Komisch, dass hier immer die Luftdämpfer die Lösung der Probleme sein sollen. In den ganzen Bike-Tests liest man doch immer, dass Luftdämpfer kaum Progression bieten und die meisten Hinterbauten zu linear damit sind. Wieso ist das beim Bass anders?


----------



## Murx (6. August 2007)

manobike.Julian schrieb:


> Komisch, dass hier immer die Luftdämpfer die Lösung der Probleme sein sollen. In den ganzen Bike-Tests liest man doch immer, dass Luftdämpfer kaum Progression bieten und die meisten Hinterbauten zu linear damit sind. Wieso ist das beim Bass anders?

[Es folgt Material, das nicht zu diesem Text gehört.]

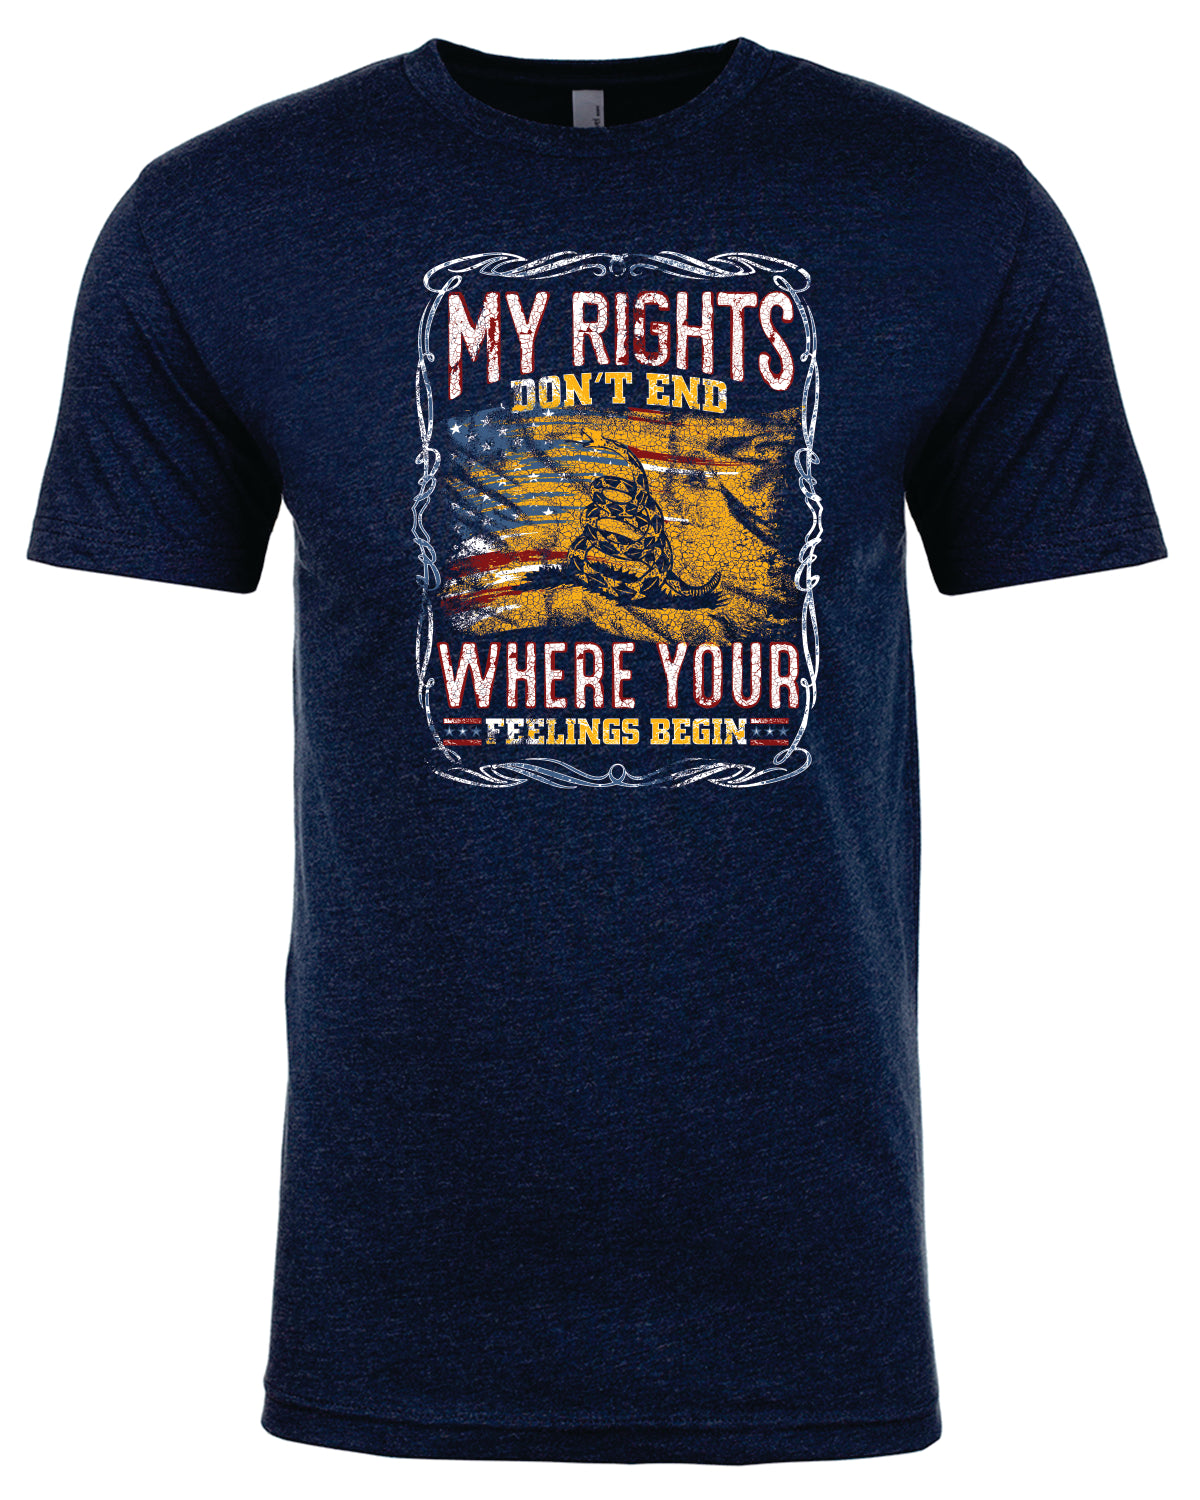 My Rights T-shirt

Hast wohl im Physikunterricht gepennt hm ?


----------



## Tillninjo (6. August 2007)

ein luftdämpfer ist eigentlich immer eher progressiv, das merkst du wenn du eine alte luftpumpe zusammendrückst, wenn du sie mit einem finger zuhälst: anfangs kannst du sie ganz leicht zusammen drücken und zum schluss hin wirds immer schwerer, machst du das ein paar mal, wird die luftpumpe sogar warm. luft ist nunmal ein progressives medium. mein foy float rl ava ist in der progression einstellbar, lt hersteller von "sehr progressiv bis fast linear". da das bass ja einen eher degressiven hinterbau hat, ist ein progressiver dämpfer imho empfehlenswert. dies löst allerdings nicht das problem mit dem ansprechverhalten, sondern das problem, dass der dämpfer durchschlägt.
ein federdämpfer ist linear im ansprechverhalten, zumindest was die feder angeht: doppelte last, doppelter einfederungsweg. dies wird dann allerdings durch einstellen der druckstufe verändert, sodass es eben stärker gedämpft wird. 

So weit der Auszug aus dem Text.